Como toda experiência, a mediação familiar e os seus resultados efetivos deverão ser objeto de observação e avaliação, sendo, contudo, possível destacar desde já a receptividade altamente positiva dos interessados e
dos advogados que assistem às partes, assim como da representante do Ministério Público junto à vara, como incentivadora e partícipe do projeto.13
6. Considerações gerais. A mediação familiar nas varas da família se apresenta como uma interessante alternativa na ampliação da consciência das partes envolvidas em ações judiciais para suas dificuldades, ajudando-as extrair das adversidades vividas o próprio caminho da reoganização
pessoal, tendo como resultado mediato a solução dos conflitos jurídico-familiares, evitando a morosidade dos litígios, reduzindo os custos do processo, tanto para o Estado quanto para as partes, reduzindo a conflitualidade e fomentando a cooperação familiar, auxiliando, enfim, os seus membros a enfrentarem de uma forma mais digna e menos dramática os impasses e os inevitáveis sofrimentos pessoais decorrentes desses conflitos.
A sua adoção no Brasil, em modelos teóricos e técnicos adequados à nossa realidade cultural em desenvolvimento pela doutrina, a ser estimulada através de legislação especifica e da criação de serviços públicos e acessíveis aos mais carentes, representará um notável avanço para a
preservação da dignidade da pessoa humana, enfatizando a responsabilidade pessoal e o exercício da cidadania, evitando a vitimização freqüentemente presente nas partes frustradas com a solução judicial14, e no cumprimento
do preceito constitucional contido no "caput" do art. 22 da nossa Constituição, segundo o qual a família, como base da sociedade, tem direito à especial proteção do Estado.
Notas de Rodapé
1 - Ver acerca da questão William Douglas, "Anotações sobre o poder judiciário norte-americano" in Doutrina, nº 1, Coordenado por James Tubenchlack, : Instituto de Direito, Rio de Janeiro, 1996, p. 438-446.
2 - A mediação na verdade se situa entre a eterocomposição, pois envolve a participação de uma pessoa estranha ao conflito, e a autocomposição, pois o mediador não participa da decisão, apenas a facilita.
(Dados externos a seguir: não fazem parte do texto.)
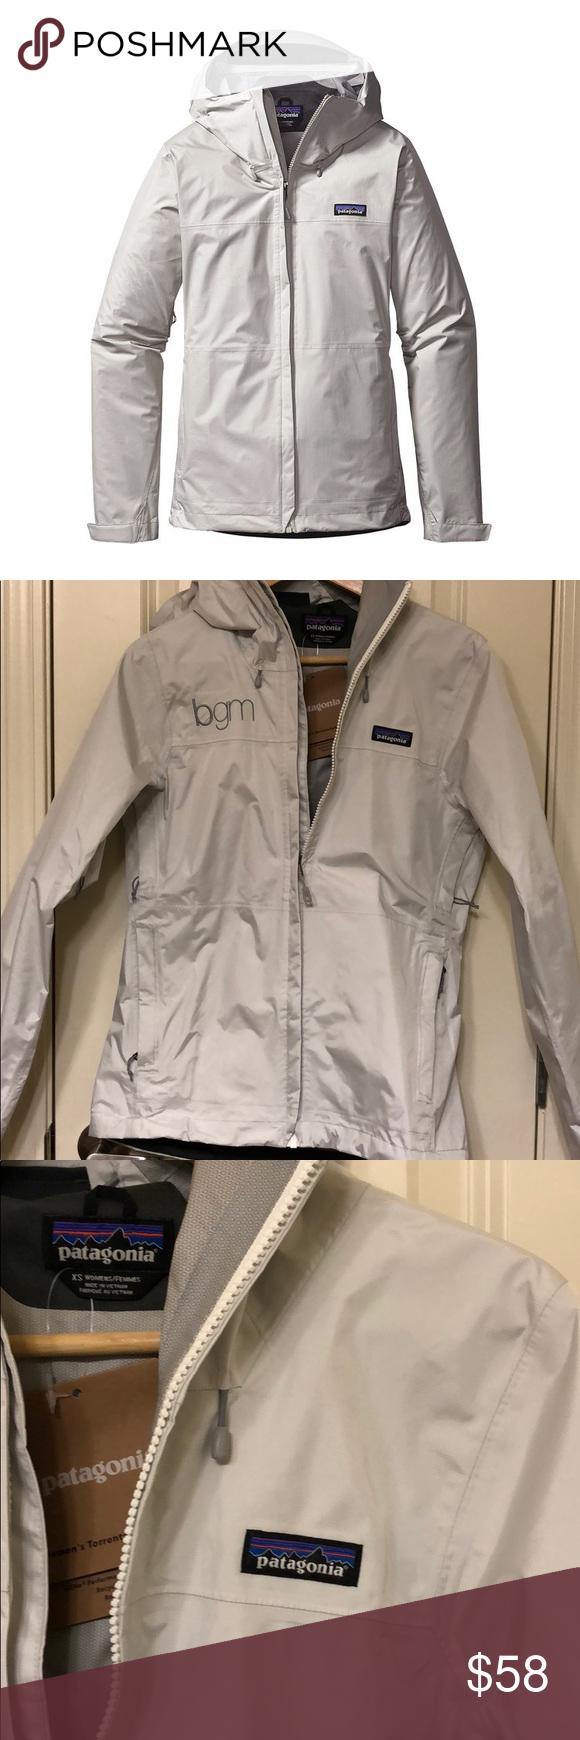 Patagonia jacket Women's Torrentshell Jacket in Birch

3 - Esta perspectiva apontada por Giselle Groeninga Almeida me pareceu extremamente adequada, quando chama a atenção para o fato de que é pela confrontação, necessária para a organização da identidade dos indivíduos, que se desenvolve a alteridade e a reciprocidade. Cf. "Mediação - Respeito
à família e à cultura - Mediação: Além de um método, uma ferramenta para a compreensão das demandas judiciais no direito de família- a experiência brasileira", em conjunto com Águida Arruda Barbosa e Eliana Riberti Nazareth, in Revista Brasileira de Direito de Família, ano II, nº 7-ou-nov-dez 2000: Síntese, Porto Alegre, 2000, p. 19-37. 3 - Giselle Groeninga Almeida, op. cit., p. 19-37.
4 - António H.L. Farinha e Conceição Lavadinho, Mediação familiar e responsabilidades parentais: Almedina. Coimbra, 1997, p.19.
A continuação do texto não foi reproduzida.